_Stored data_
========================================================================
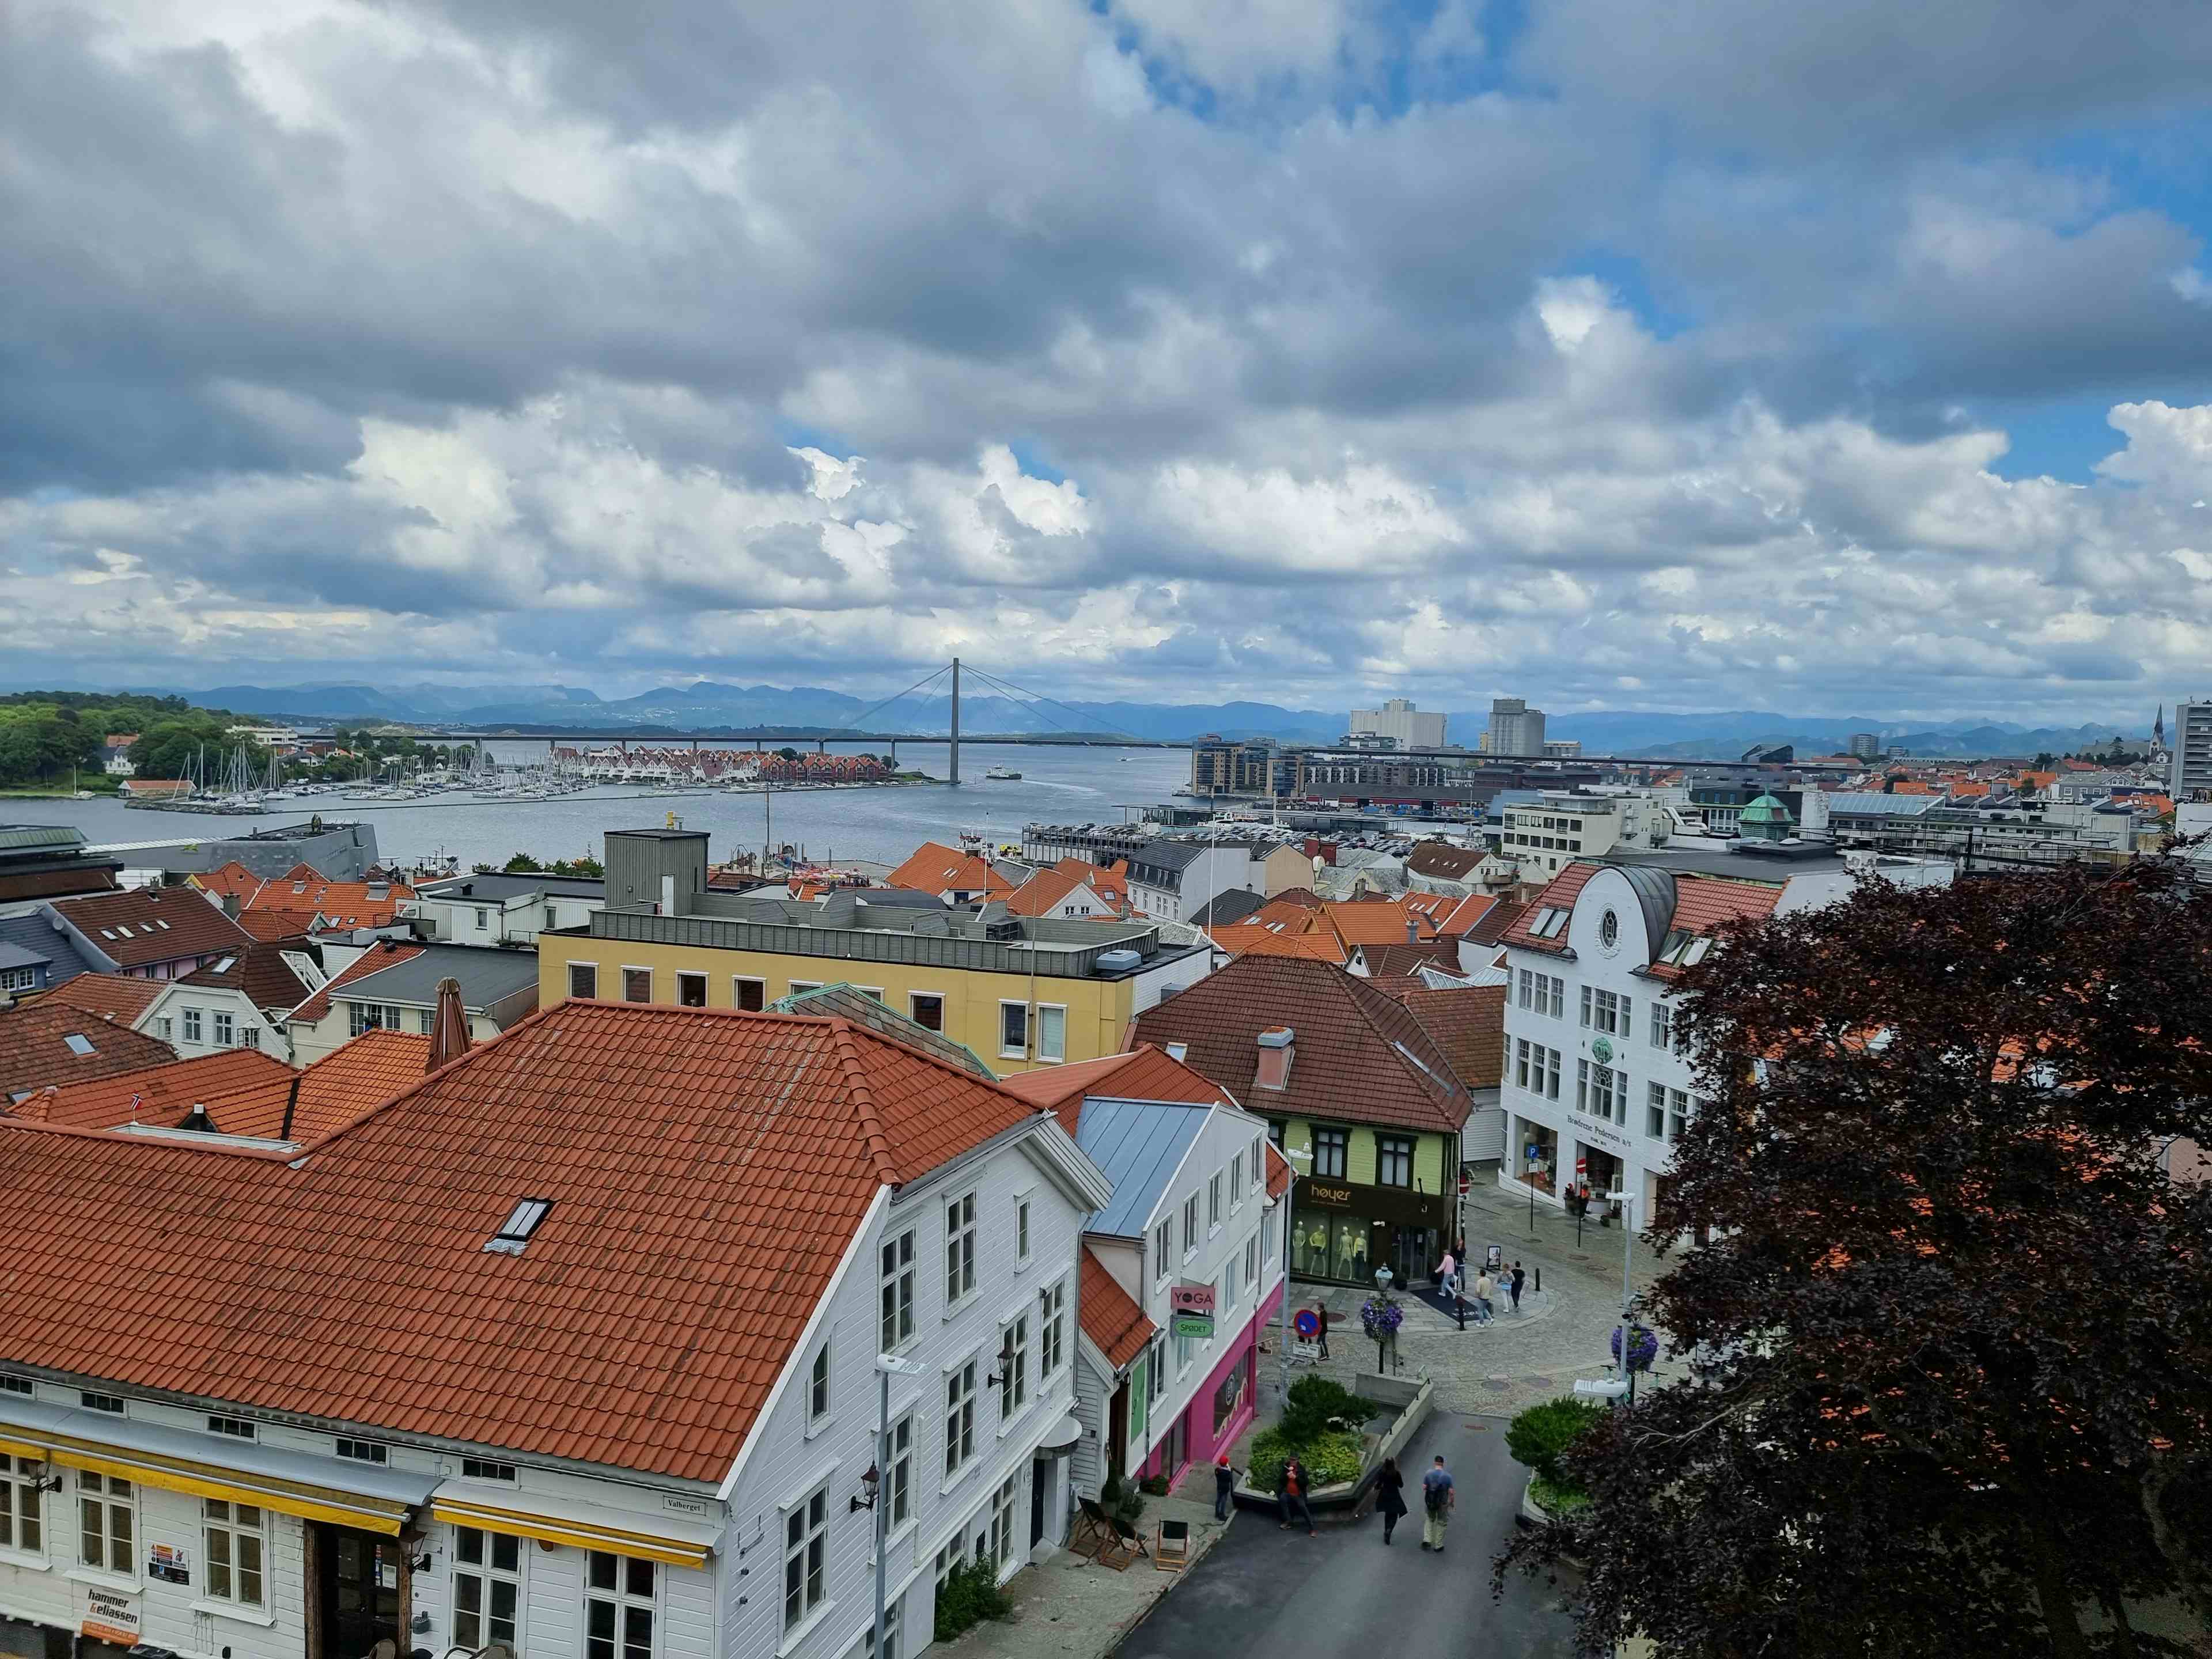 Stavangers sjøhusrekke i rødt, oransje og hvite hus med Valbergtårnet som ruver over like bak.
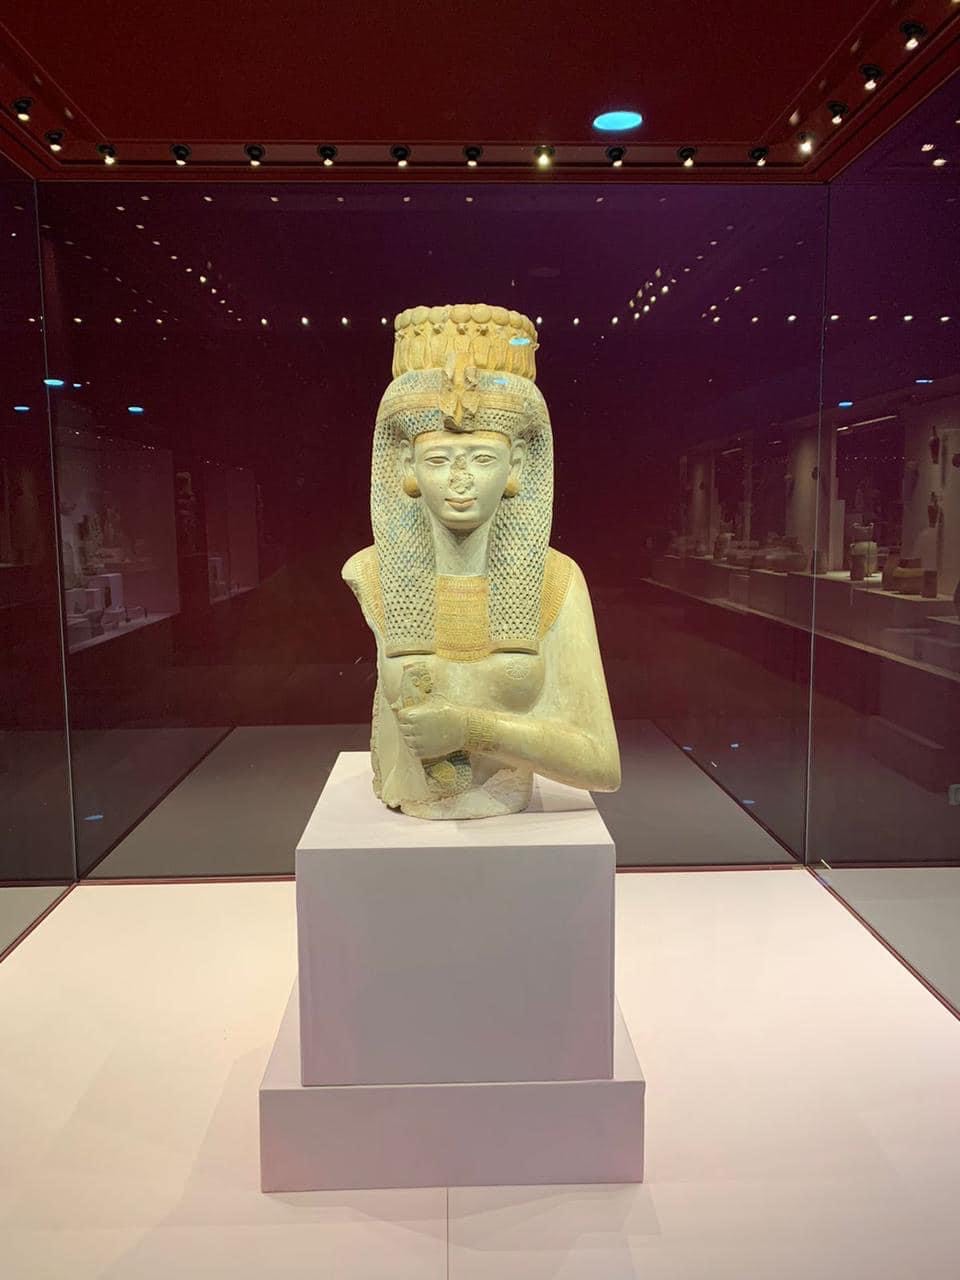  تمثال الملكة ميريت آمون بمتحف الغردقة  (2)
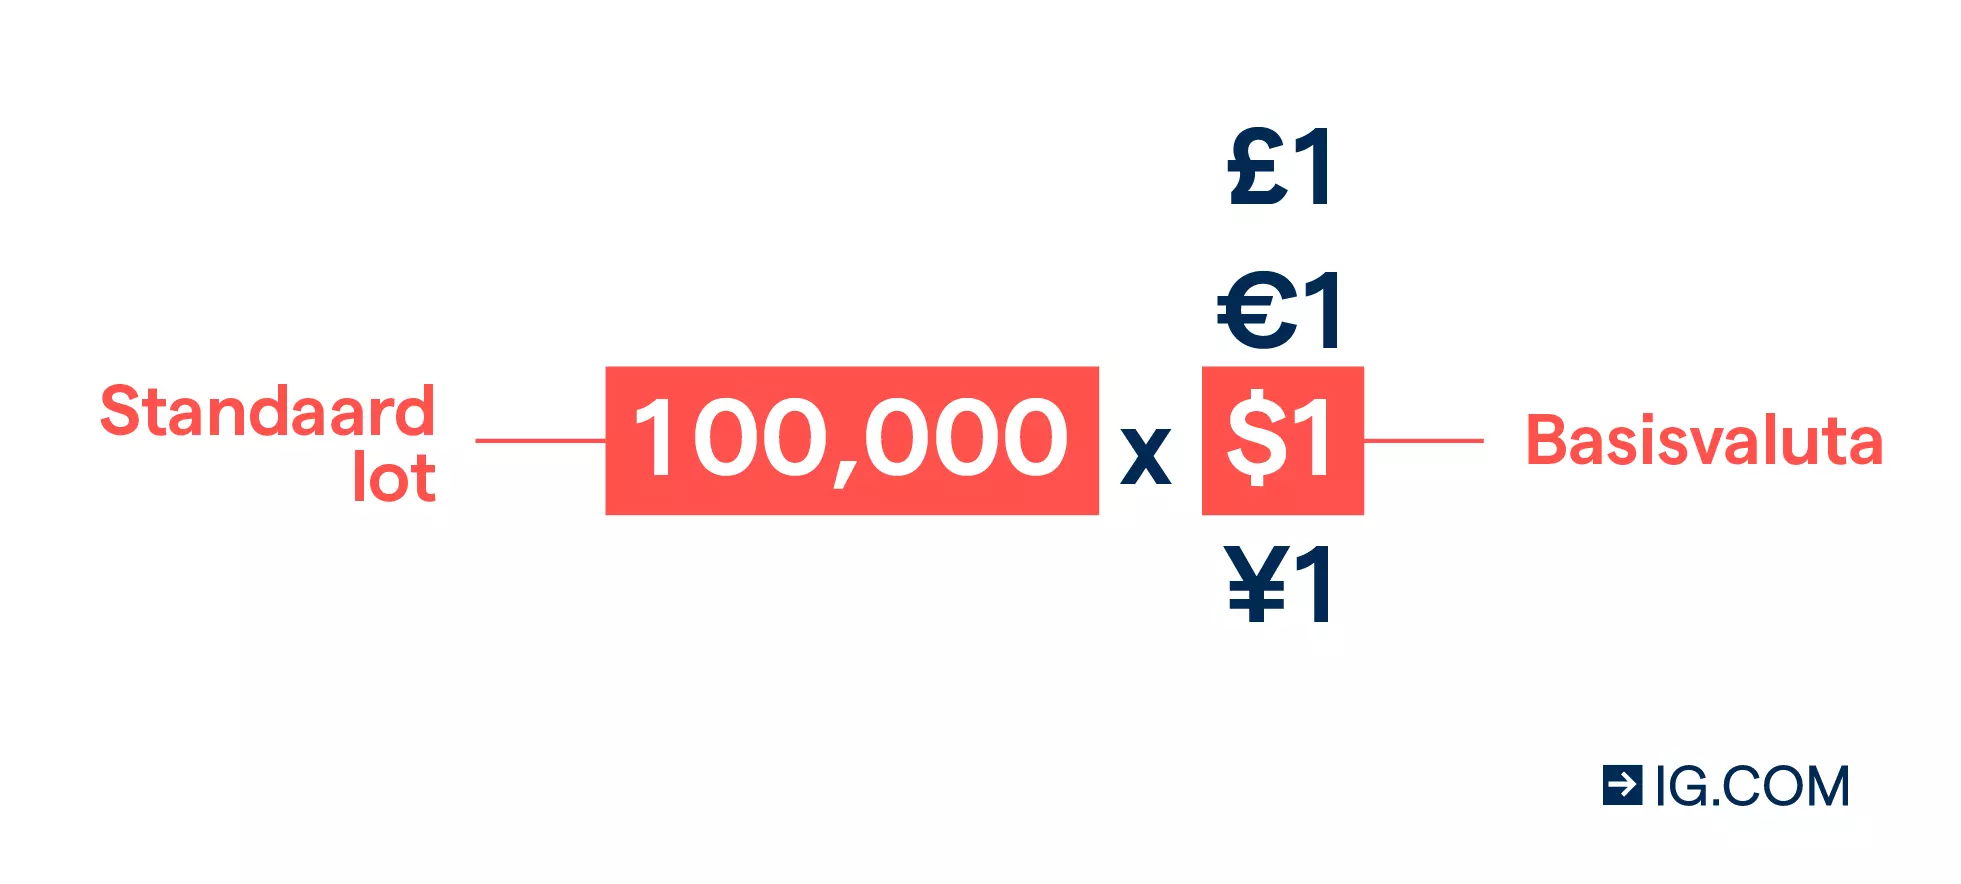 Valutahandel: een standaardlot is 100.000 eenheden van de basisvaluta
========================================================================
_Task instructions_
With the pictures removed, return the data above word for word.

_Completed exercise_
 Stavangers sjøhusrekke i rødt, oransje og hvite hus med Valbergtårnet som ruver over like bak.
  تمثال الملكة ميريت آمون بمتحف الغردقة  (2)
 Valutahandel: een standaardlot is 100.000 eenheden van de basisvaluta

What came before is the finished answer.